If you have every tried finding a lunch date for five people, try rescheduling that date: impossible. That’s why you stick to the meeting schedule, no matter what. You start the meeting on point and everyone receives the meeting notes afterwards3. Preparation is key and if the backlog board is managed well, the result of the sprint planning won’t be a surprise.

3 Pre-written meetings notes can help you so much with that.

The Sprint

After the Sprint Planning the stories that made it into the Sprint are moved to the Sprint Board’s To Do list4. The owner of the Sprint Board is the development team and only they move cards around there. It also serves as a history record of the features that have been implemented. A story moves from the To Do list to the Doing list once developers start implementing it. When they deploy it to production, the card moves to Live. Live means “It’s public but still needs some work”, this happens for so features which start as experiments and are getting polished while (some) of your real users use it and provide feedback. Here again is where Trello really shines as a tool for product management: the discussion feature and the check lists are great for keeping track of the progress of each story.

The Sprint board is also used to track bugs, which don’t follow the typical lifecycle of a story. Each of them is represented by a dedicated card in Trello but giving them a distinct label (I chose a red “Bug” one) makes them easy to find or filter out. Bugs don’t require the same exhaustive description like Stories do, because they are usually self-explanatory: A bug is when a feature does not behave as defined—which also means: it’s not a bug if it’s not defined. Bug cards trump every other card in the To Do list and move quickly from there to Done. They should not hang around in the To Do column for more than a day.

Once a story or bug is done—the definition of that highly depends on your individual requirements, but must be defined in a living document nevertheless—it’s moved to the Done list for the current month. Using this gives you nice history of the things that happened and the monthly grouping makes it easy to recollect and find features to revisit them later, when you are reviewing how accurate the assumptions about the expected outcome were that you made when describing the Story. This is also the time to document the final implementation of the story by updating the description and providing a detailed explanation of how the end result behaves and looks like (the use of screen recordings here greatly helps to easily understand what changed).
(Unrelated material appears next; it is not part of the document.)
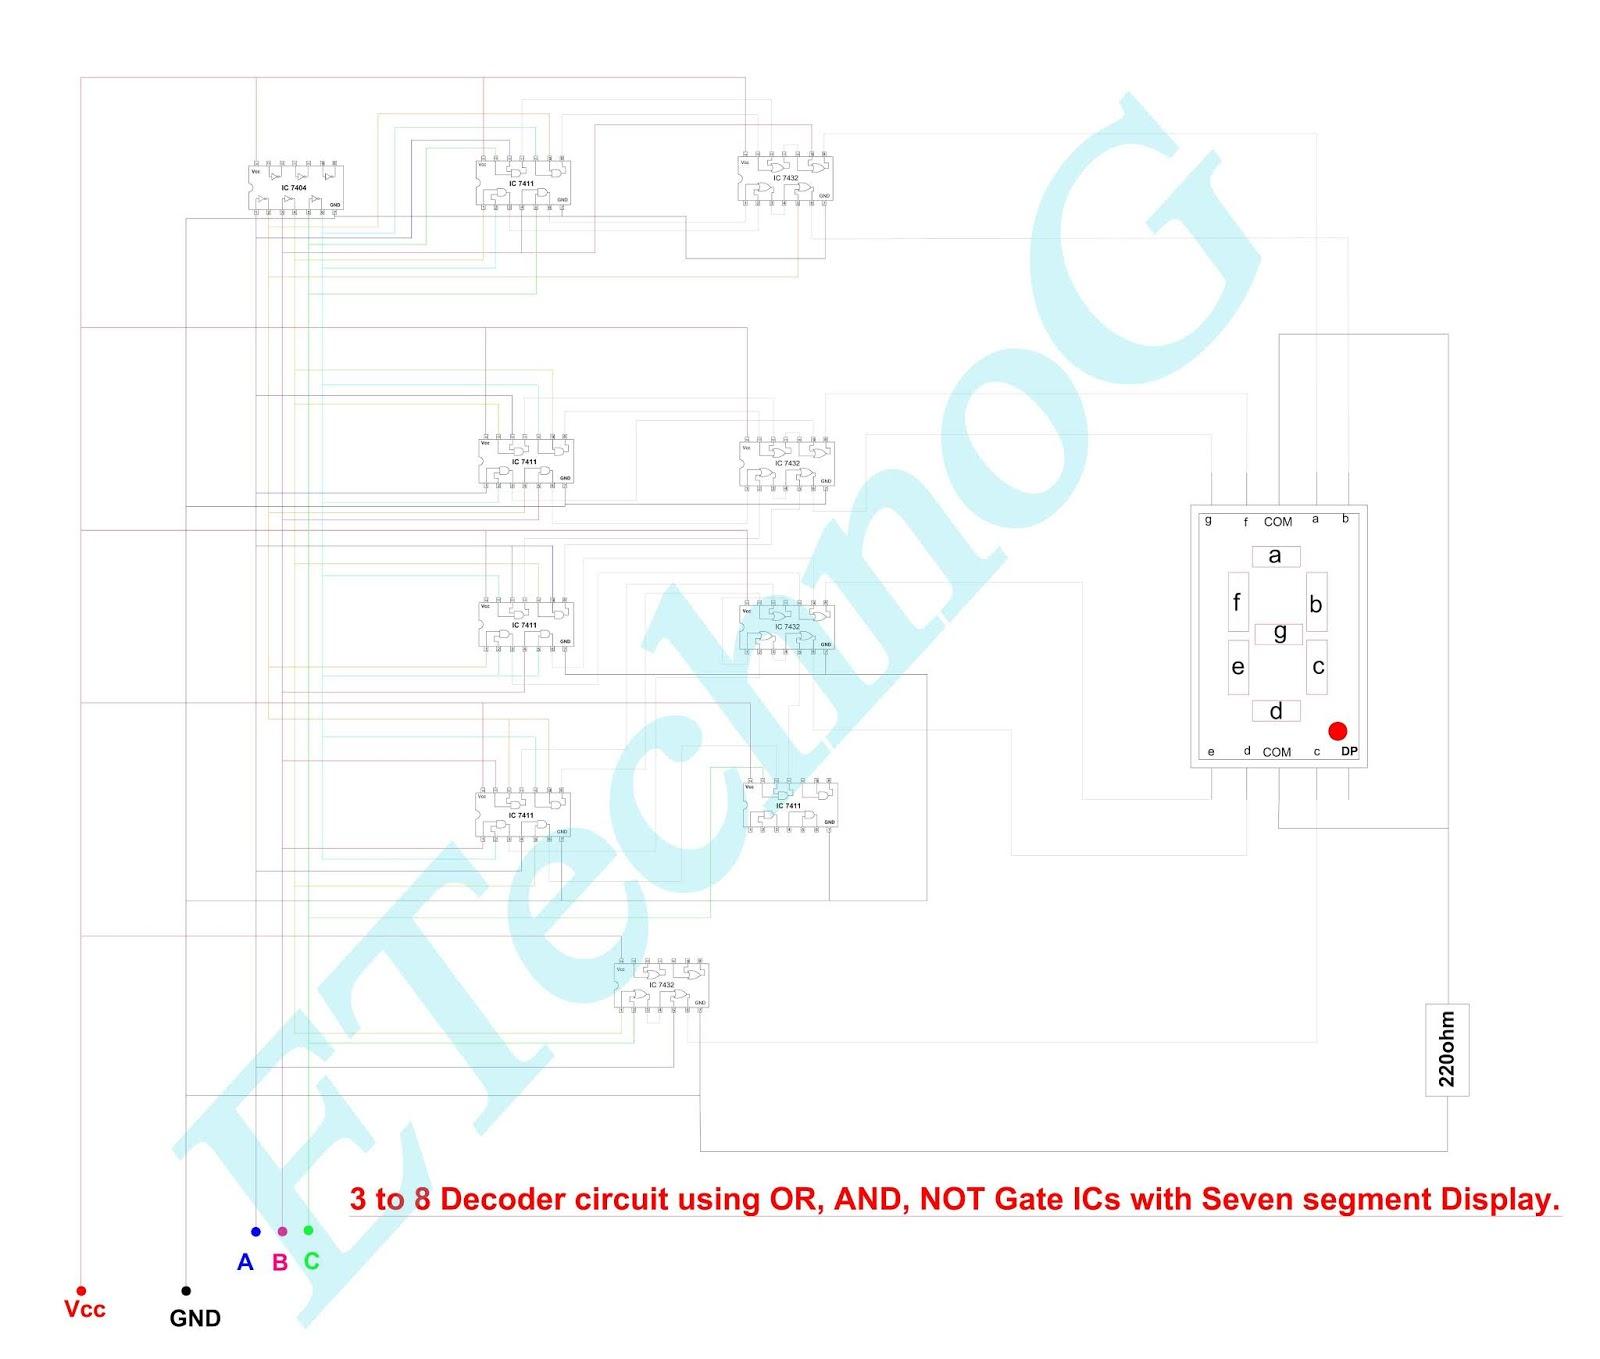 3 to 8 decoder circuit diagram 3 to 8 decoder truth table circuit design [ 1600 x 1359 Pixel ]
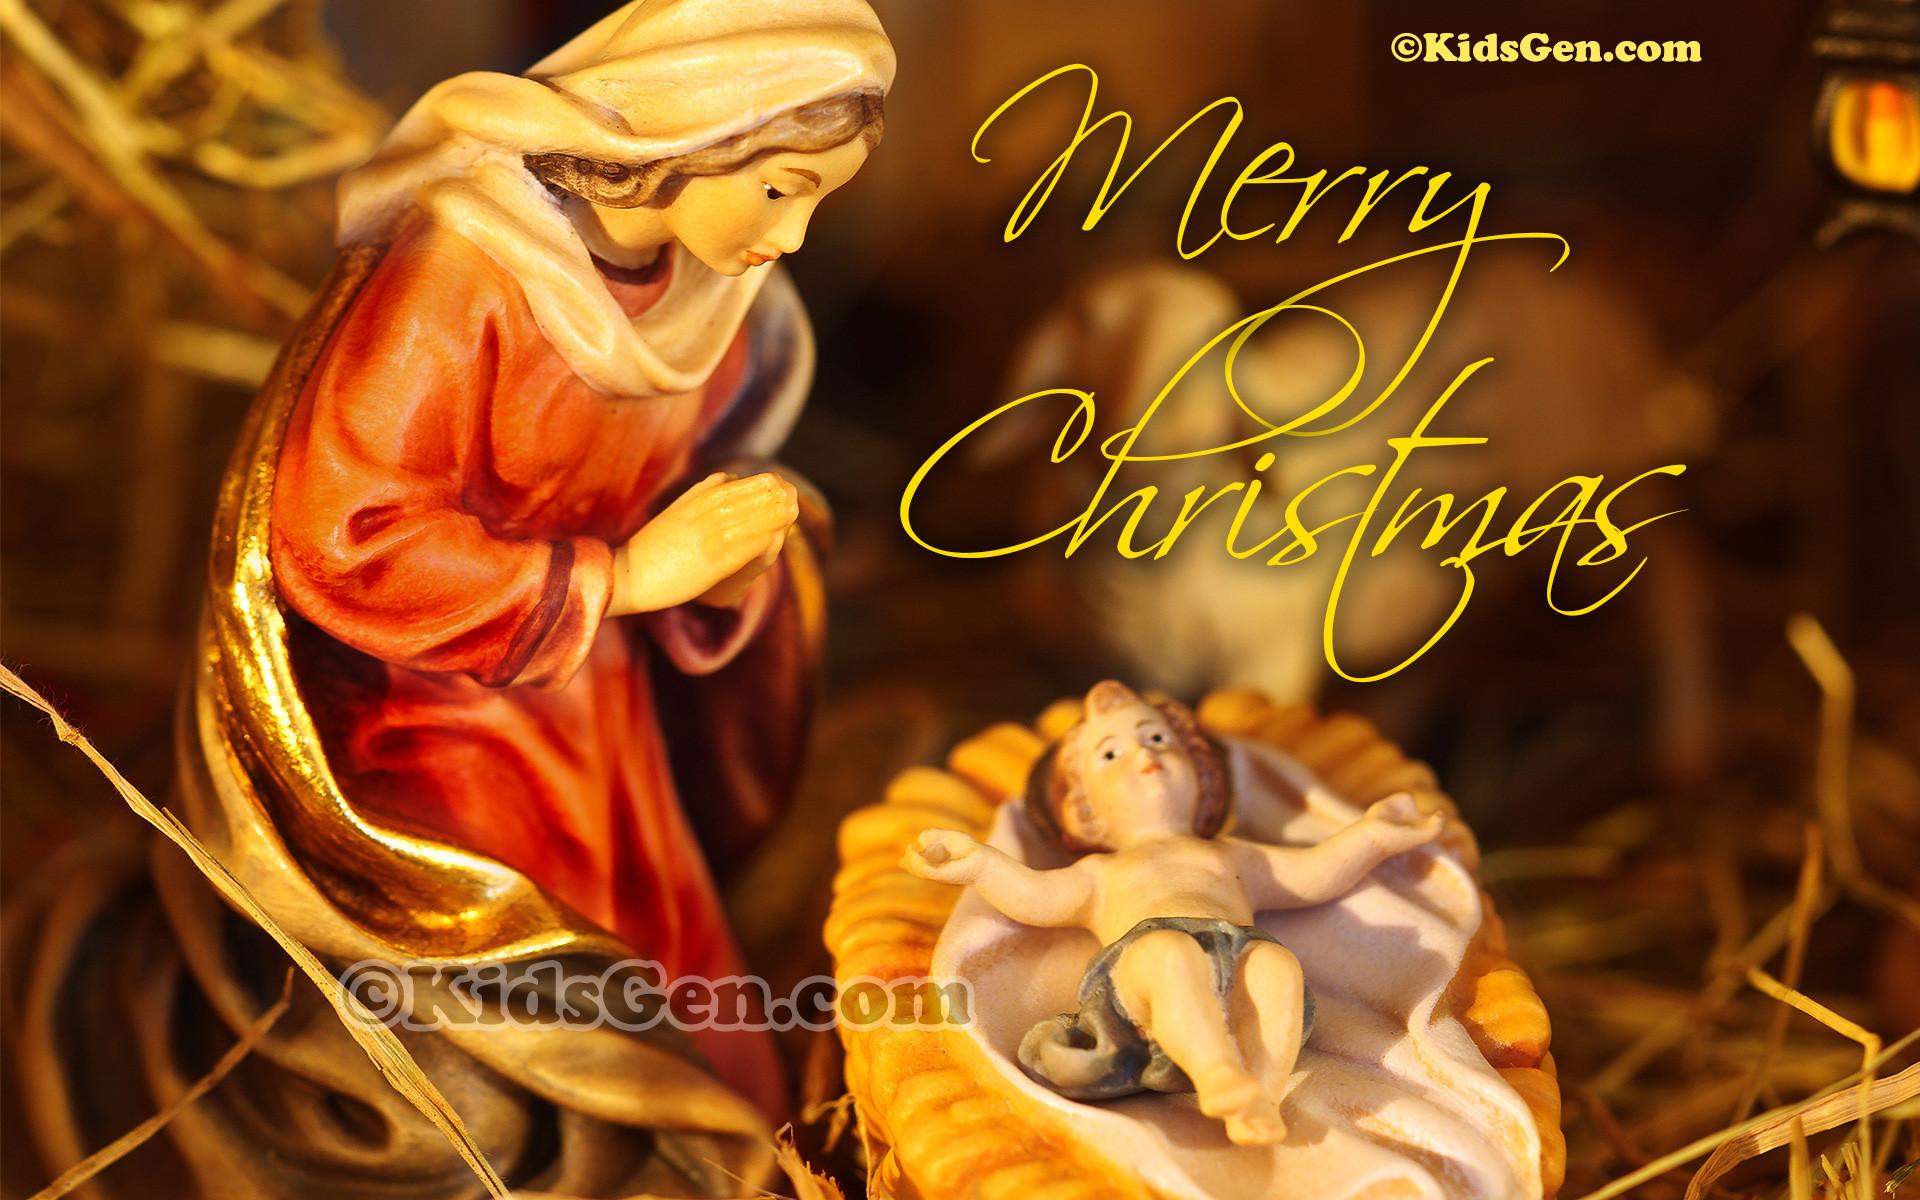 Baby Jesus Merry Christmas Mary and baby jesus!

4 Butler for Trello can help with that.

What’s a release?

… when you deploy to production every day?
… when your product is composed of microservices?
… when you had a feature for weeks for a selected group of users?

It’s the point in time when you decide to activate a feature for all your users. As mentioned earlier, the software release cycle is decoupled from the product management process. There is no need to orchestrate them but will just create more unnecessary coupling between collaborators who can perfectly work in their own pace.

The release of a feature is announced on the Story card and this is observable by anyone interested (who did subscribe to the card) and you would also post a message on the related Slack channels.

It’s a team effort

This way of managing a product allows everyone to get involved in the product development and the progress becomes observable and transparent without taking up too much time. It’s flexible and fosters a strong degree of self-organization within the whole team. Having one source of truth for everyone is a key factor in keeping everyone in the loop.

This was part one of the MVPs in Production post series. A big thank you goes out to Sebastian Nell, Ralf D. Müller and Sven Kloppenburg for taking the time to review this post and for providing great feedback and thoughts!